By a MetNews Staff Writer


The Court of Appeal yesterday reversed a summary judgment in favor of a law firm in an action for unpaid fees, holding invalid a provision in the retainer agreement that charges not disputed within 15 days are deemed acknowledged.

Div. Three of the Fourth District, in an unpublished opinion by Justice Richard D. Fybel, remanded the case to Orange Superior Court Judge Gregory H. Lewis, who granted judgment on a cause of action for breach of contract in favor of the Anaheim law firm of Cannon & Nelms—referred to in the opinion as “C & N”. The judgment was against its former client St. Andrews Development Corporation, in an amount of more than $390,000.

Fybel wrote:

“C & N did not submit declarations qualifying the invoices as business records under Evidence Code section 1271, verifying as accurate the entries in the invoices, or otherwise describing under oath the professional services rendered, the amount of time spent providing those services, and the attorneys’ billing rates. Rather, C & N relied on a provision in the retainer agreement stating that if St. Andrews did not dispute in writing any billing entry within 15 days of receipt of the bill, ‘all such entries shall be acknowledged as correct, as between us.’ Based on that provision, the trial court granted summary adjudication of the breach of contract cause of action. The court denied the motion as moot as to the other causes of action.

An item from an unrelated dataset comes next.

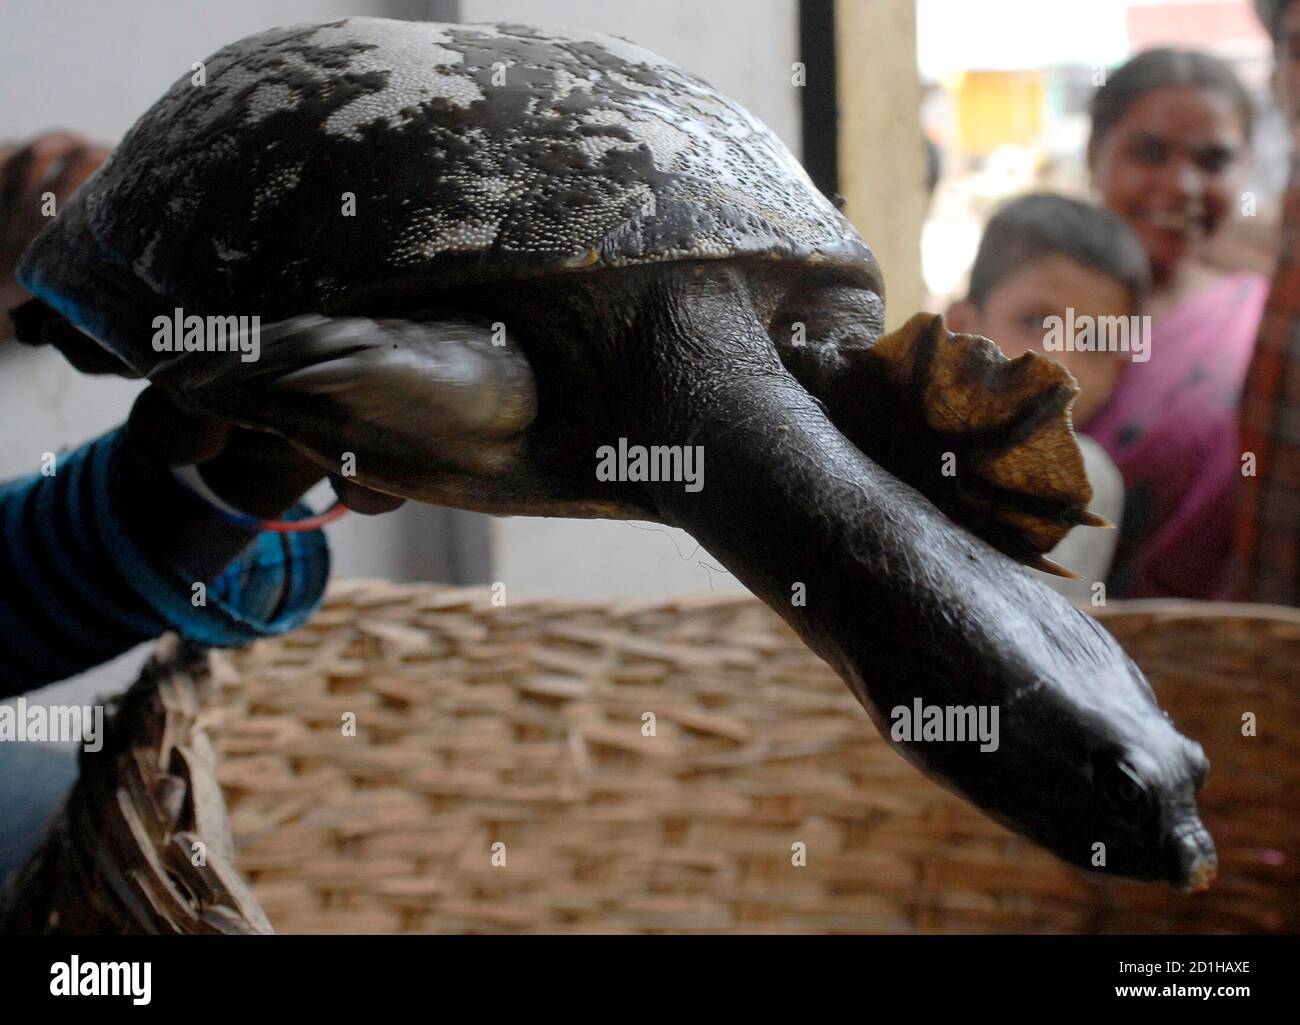 A member of an animal welfare organization holds a rescued soft shell  turtle in the southern Indian city of Hyderabad June 18, 2007. About 26  soft shell turtles were rescued by 'People

“We conclude the retainer agreement’s 15‑day dispute provision is unenforceable and reverse summary adjudication of the breach of contract cause of action.”

A similar proviso was invalidated in Charnay v. Cobert (2006) 145 Cal.App.4th 170, Fybel pointed out.

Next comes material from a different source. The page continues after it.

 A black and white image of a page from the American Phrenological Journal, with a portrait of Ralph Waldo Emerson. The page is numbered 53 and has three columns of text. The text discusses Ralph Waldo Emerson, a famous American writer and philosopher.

But that decision, Cannon & Nelms argued, was inapposite because there, a former client was asserting malpractice and breach of fiduciary duty on the part of a law firm. In the case at hand, no such allegation was put forth either by way of a cross complaint or an affirmative defense, the respondent noted.

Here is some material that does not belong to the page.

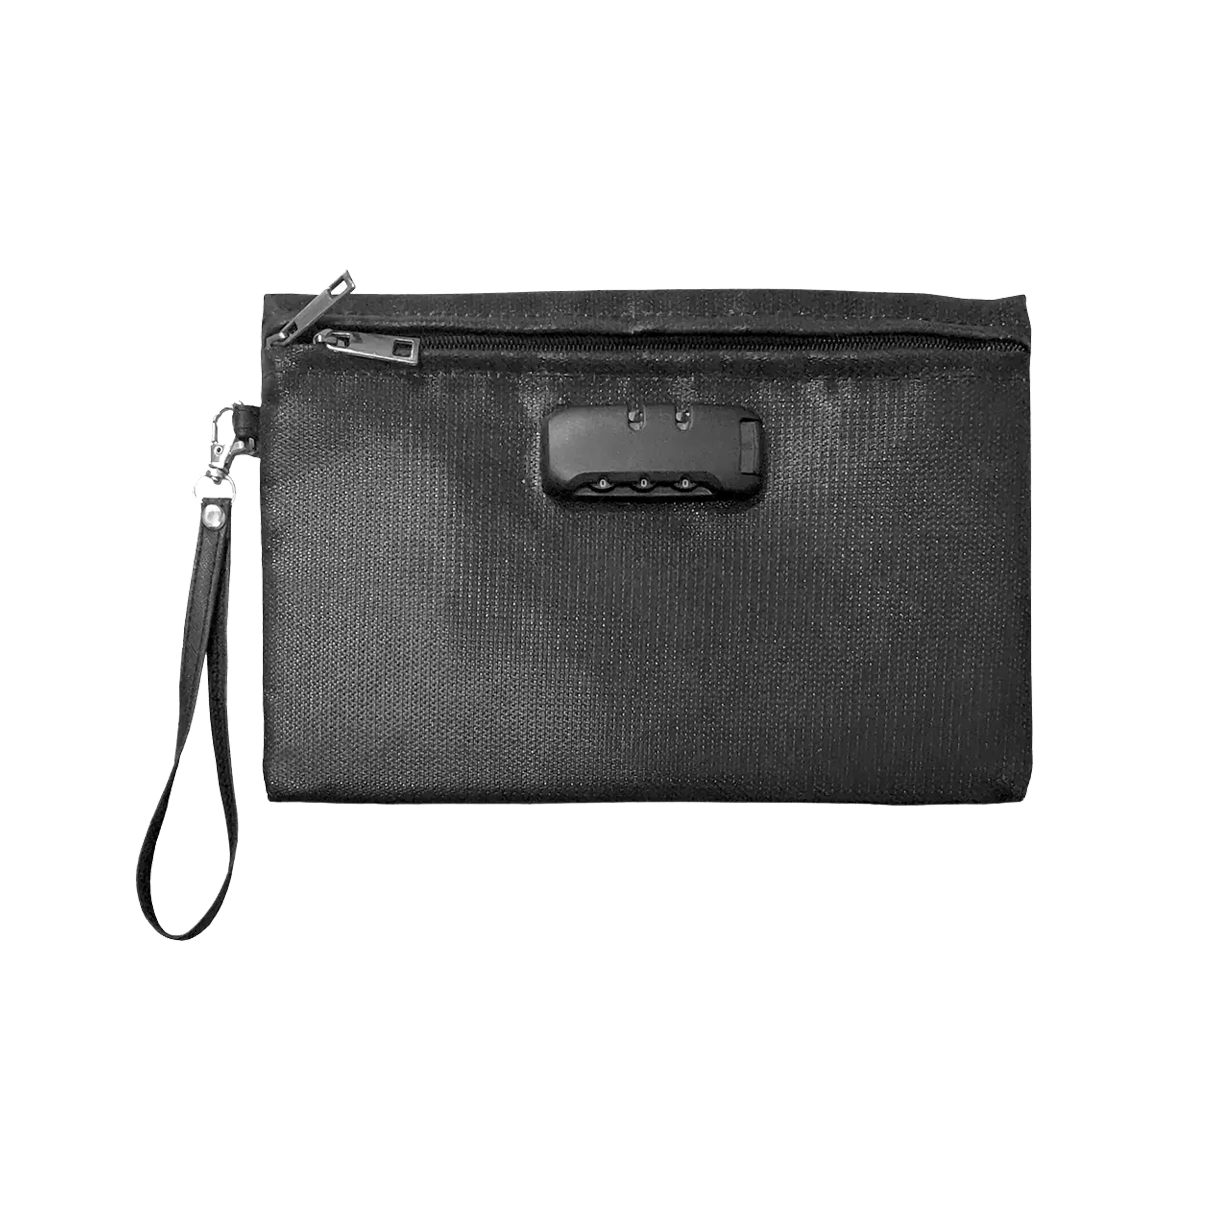 Water & Fire Resistant Document Bag with Lock

“This is a distinction without a difference,” Fybel responded. “The relevant point is that C & N is asserting the 15‑day dispute provision against its former client to foreclose any challenge to the invoices or the entries in them.”

A provision “giving a client only 15 days to dispute what might be long and complicated attorney billings does not comport” with applicable “fiduciary standards,” the jurist said. He continued:

“We do not address whether a much lengthier period of time in which to dispute attorney invoices might be enforceable. At a minimum, a client should be given enough time not only to meaningfully review and analyze attorney billing statements for accuracy, but also to determine whether, in light of the overall representation, the services rendered were necessary or reasonable. For instance, litigation events occurring after a 15‑day window period might show that actions taken by counsel were unreasonable, unnecessary, overbilled, or detrimental to the client’s interest.”

After granting summary judgment on the cause of action based on breach of contract, Lewis declared that the causes of action for account stated and for services rendered were moot, and Cannon & Nelms subsequently dropped them.

 “We do not address whether the trial court should have granted summary adjudication of the account stated and services rendered causes of action because C & N dismissed them without prejudice,” Fybel wrote.

The case is Cannon & Nelms v. St. Andrews Development Corp., G052813.

Anthony L. Cannon and Debra K. Cook of Cannon & Nelms sought an affirmance and Roy Z. Silva of Theodora Oringher argued for reversal.